Further, as described in claim 5, a crucible having a coefficient of thermal expansion of 5 × 10 ⁻⁶ / ° C. or less is used for melting the molten metal. As described above, the use of a crucible made of mullite porcelain has a remarkably excellent effect that it is possible to prevent penetration or leakage of molten metal into the crucible. As described above, high-frequency induction heating is used in the production of molten metal to prevent uneven distribution of Mn and Bi having a large specific gravity difference, and to obtain a molten metal in which Mn and Bi are uniformly mixed. As described in claim 8, during spray quenching of the molten metal, argon gas is injected into the molten metal stream to atomize and cool, thereby preventing oxidation of the magnetic material powder. Significantly better effect.

[Brief description of the drawings]

FIG. 1 is a graph illustrating the effect of the composition of a Mn—Bi component on the magnetic characteristic ratio investigated in an example of the present invention.

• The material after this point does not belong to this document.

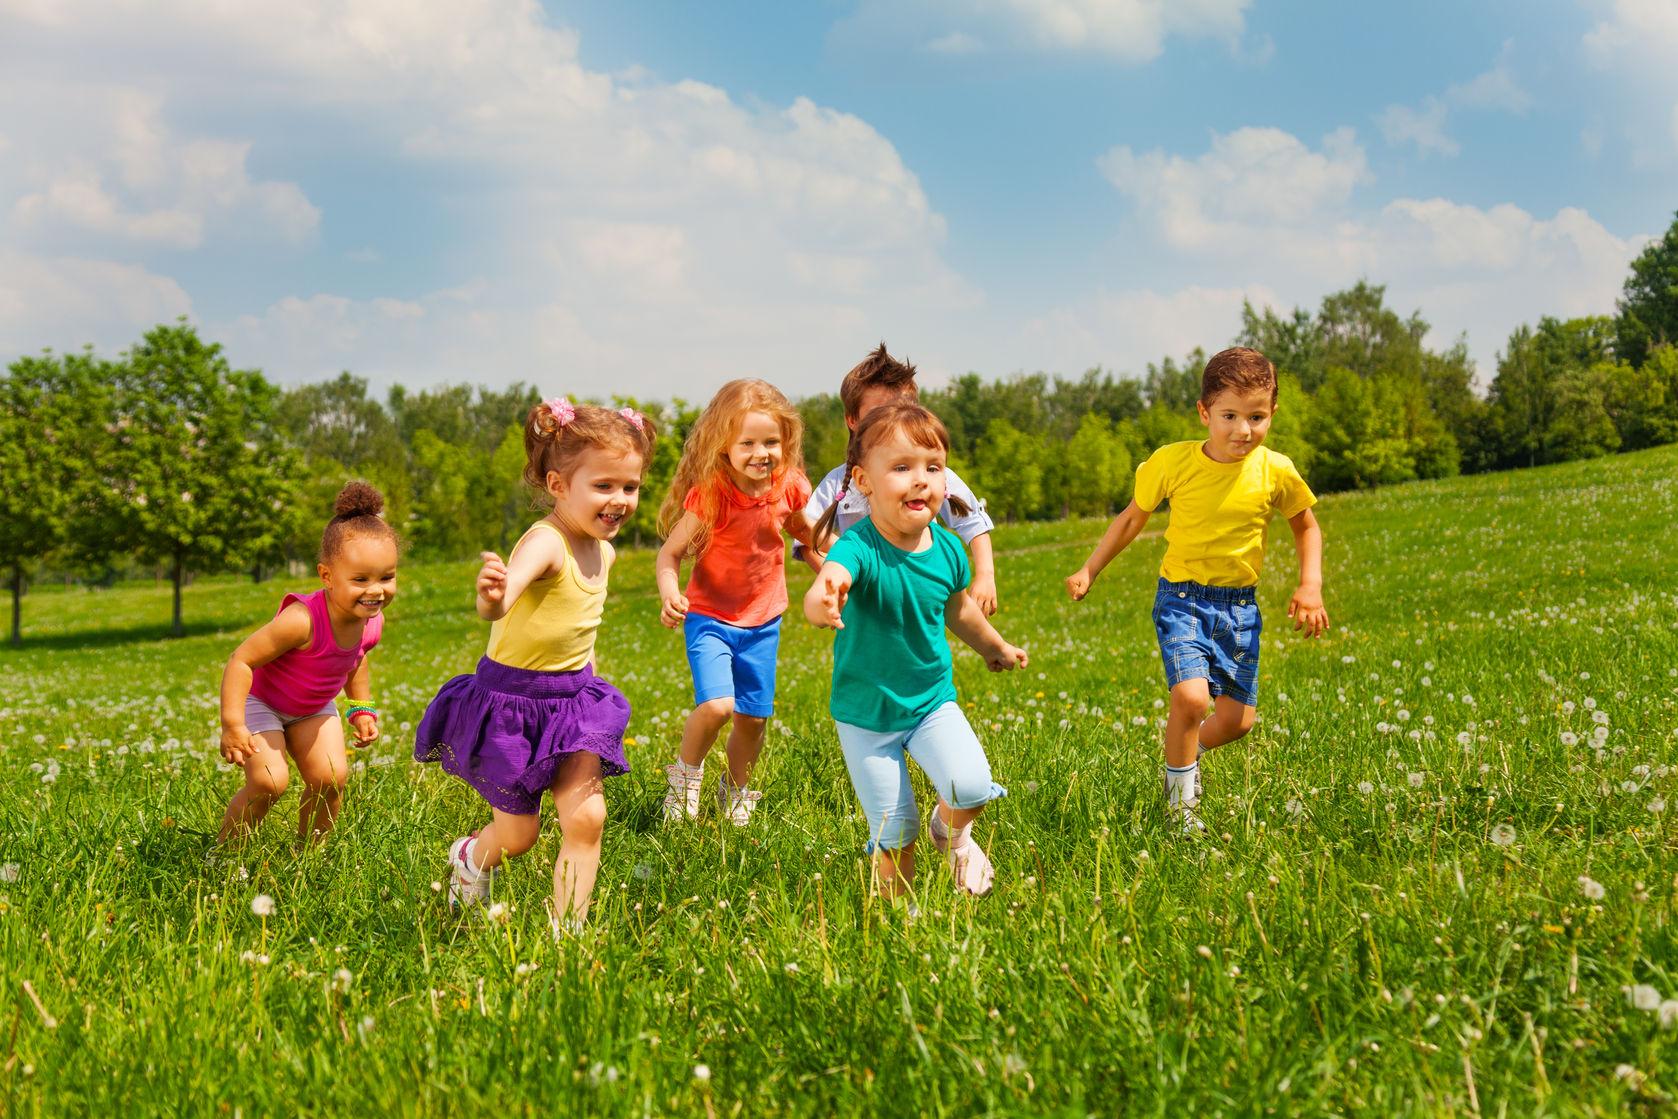 Фото счастливых детей в саду

 ────────────────────────────────────────────────── ─── Continuing on the front page (72) Inventor Takao Okochi 8-1 Rinkai-so, Ogusa-shi, Chita-shi, Aichi Rinkai-so A204 (72) Inventor Mikio Kishimoto 1-1-88 Ushitora, Ibaraki-shi, Osaka Hitachi Maxell, Inc.

Claims (8)

[Claims] 1. Mn: 21.5 to 24.0% by weight, B
i: A magnetic material powder comprising a Mn-Bi-based mixture composition of 76.0 to 78.5% by weight and spray-quenched from a molten metal. 2. The magnetic material powder according to claim 1, wherein the average particle size is 0.1 to 5.0 μm. 3. When producing a magnetic material powder having a Mn-Bi-based composition close to an intermetallic compound MnBi of Mn and Bi, a molten metal having the Mn-Bi-based composition is melted and melted. A method for producing a magnetic material powder, comprising spraying and quenching a melt of a molten metal to powder. 4. The magnetic material powder according to claim 3, wherein the composition comprises an Mn—Bi-based mixture composition of Mn: 21.5 to 24.0% by weight and Bi: 76.0 to 78.5% by weight. Production method. 5. The method for producing a magnetic material powder according to claim 3, wherein a crucible having a coefficient of thermal expansion of 5 × 10 ⁻⁶ / ° C. or less is used for melting the molten metal. 6. The method for producing a magnetic material powder according to claim 5, wherein a crucible made of mullite porcelain is used for melting the molten metal. 7. The method for producing a magnetic material powder according to claim 3, wherein high-frequency induction heating is used for melting the molten metal. 8. The method for producing a magnetic material powder according to claim 3, wherein an argon gas is injected into the molten metal stream to atomize and cool the molten metal during spray quenching of the molten metal.